I`m sure many entrepreneurs have moments when they ask themselves "am I really up to this?" and I`m no different. Advice from others who have had similar experiences would be greatly welcome. Thank you.
Sincerely,
Jeff Koenig
CEO
NewbsNetwork

Comments

  • JeffKoenigJeffKoenig subscriber Posts: 1
    Thank you, Craig, for your insightful commentary. It was tremendously helpful.
    I`d like to address some of the comments you made, starting with the last first:


    On a deeper level, you may also want to look at your own psychology.
    Are you afraid to stand out? Do you feel (operative word) that pride is
    a bad thing? Do you have trouble believing that you`re better than
    other people in various ways? If so, then much of your second-guessing
    likely is coming from a fear of being assertive, aggressive, and
    competitive. That`s a therapeutic situation, not a business situation.

    Before I became a film maker, I started out as an actor. While I
    believe you make a valid observation, I can decisively say that it does
    not apply to my particular case. I have no problems being the center of
    attention. I have always been comfortable taking the lead role, so
    to speak.
    I became a Producer/Director because I wanted more control, and a
    bigger say in the work that I was doing. I had ideas that I wanted to
    present and the only way I could present them was to create the
    projects myself; a direct parallel to how I got myself here, as the
    leading founder of a new company. In a way, it`s the next logical step
    in the progression... once I took control over the production of the
    content, the next link in the chain was distribution.
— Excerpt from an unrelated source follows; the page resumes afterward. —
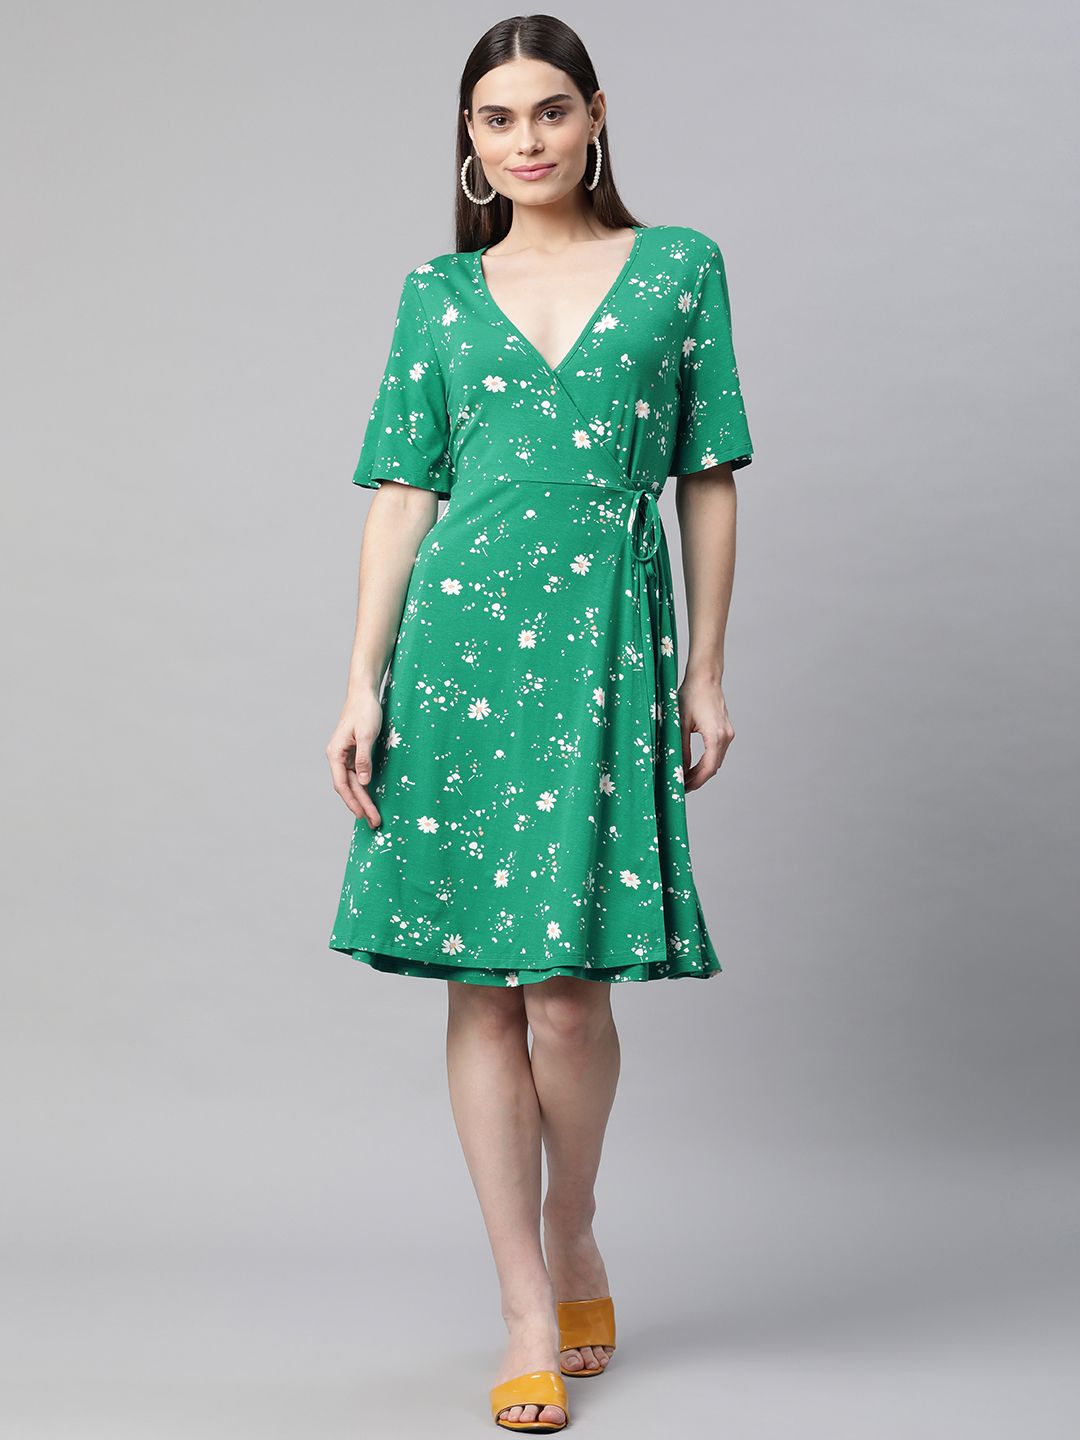 Marks & Spencer Green & White Jersey Floral Print Knee-Length Wrap Dress Price in India

    Who created the idea for this company? Who had the overall vision for
    what it`s intended to accomplish? According to whose life plan will
    this company function?
    If the answer is you, then you should be the CEO.
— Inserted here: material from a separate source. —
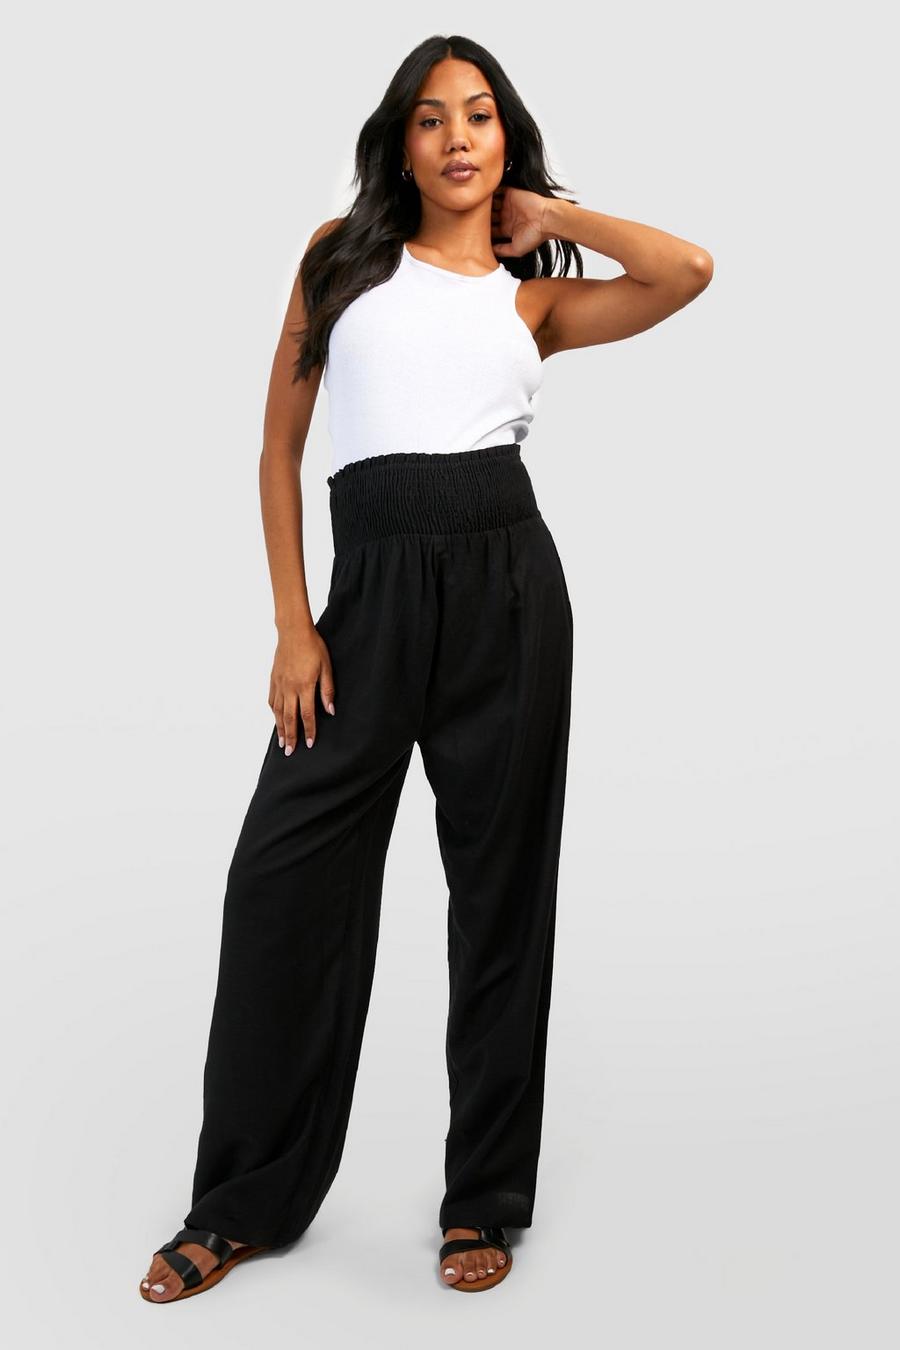 Maternity Pants for Work  High Waisted Pants – Bhome Maternity

    It was most definitely me, with due credit given to my other General
    Partners for helping to shape the ideas and hone the rougher edges from
    the concept.
    Despite my lack of specific familiarity with some aspects of the
    start-up process, I do feel confident that I can accomplish what`s
    necessary to fill this role. My only concern  is about how much my
    mistakes will impact those around me who are depending on me.
    I have a casual (and very non-professional) interest in cooking. I`ll use that to create an analogy:
    I`ve never made a Creme Broulee before. I`ve eaten them, discerned what
    I like about them. I`m familiar enough with the techniques involved
    that I could probably look at a recipe and whip one up, even adding my
    own twist (candied orange rind?) to see what happens. And this type of
    experimentation is great for a casual evening at home.
    However, I suddenly find myself preparing a large dinner for several
    important guests. Do I still try the experiment, or should I just hire
    a professional pastry chef who`s made a million creme broulees and can
    remove all the doubt from the execution?
    That`s where I was last night when I typed up my (excedingly long) post.
    However, what I take from your response, Craig, is this point:
    Were I to hire that ringer professional, it would no longer be my dinner
    I`d be serving. There`d be less risk, yes, but it would also be devoid
    of whatever personal touches I may be able to add to the recipe. Further, by making sure I have experienced help by my side in the kitchen, and perhaps the advice of someone who`s an old pro at pastries, the chances of things going badly are greatly reduced.
    It is, if you`ll please forgive the pun, excellent food for thought. Again, thank you for the response.
    -Jeff
    JeffKoenig6/28/2008 10:16 PM
  • NuevolutionNuevolution subscriber Posts: 30 Bronze Level Member
    CraigL
    Very well said.
    I like this "Everday life
    is tangible, whereas logical formulas are abstractions. Abstractions
    can offer certainty; everyday life can only offer high probabilities".
  • infinique3infinique3 subscriber Posts: 0
    You need the right title for the right job.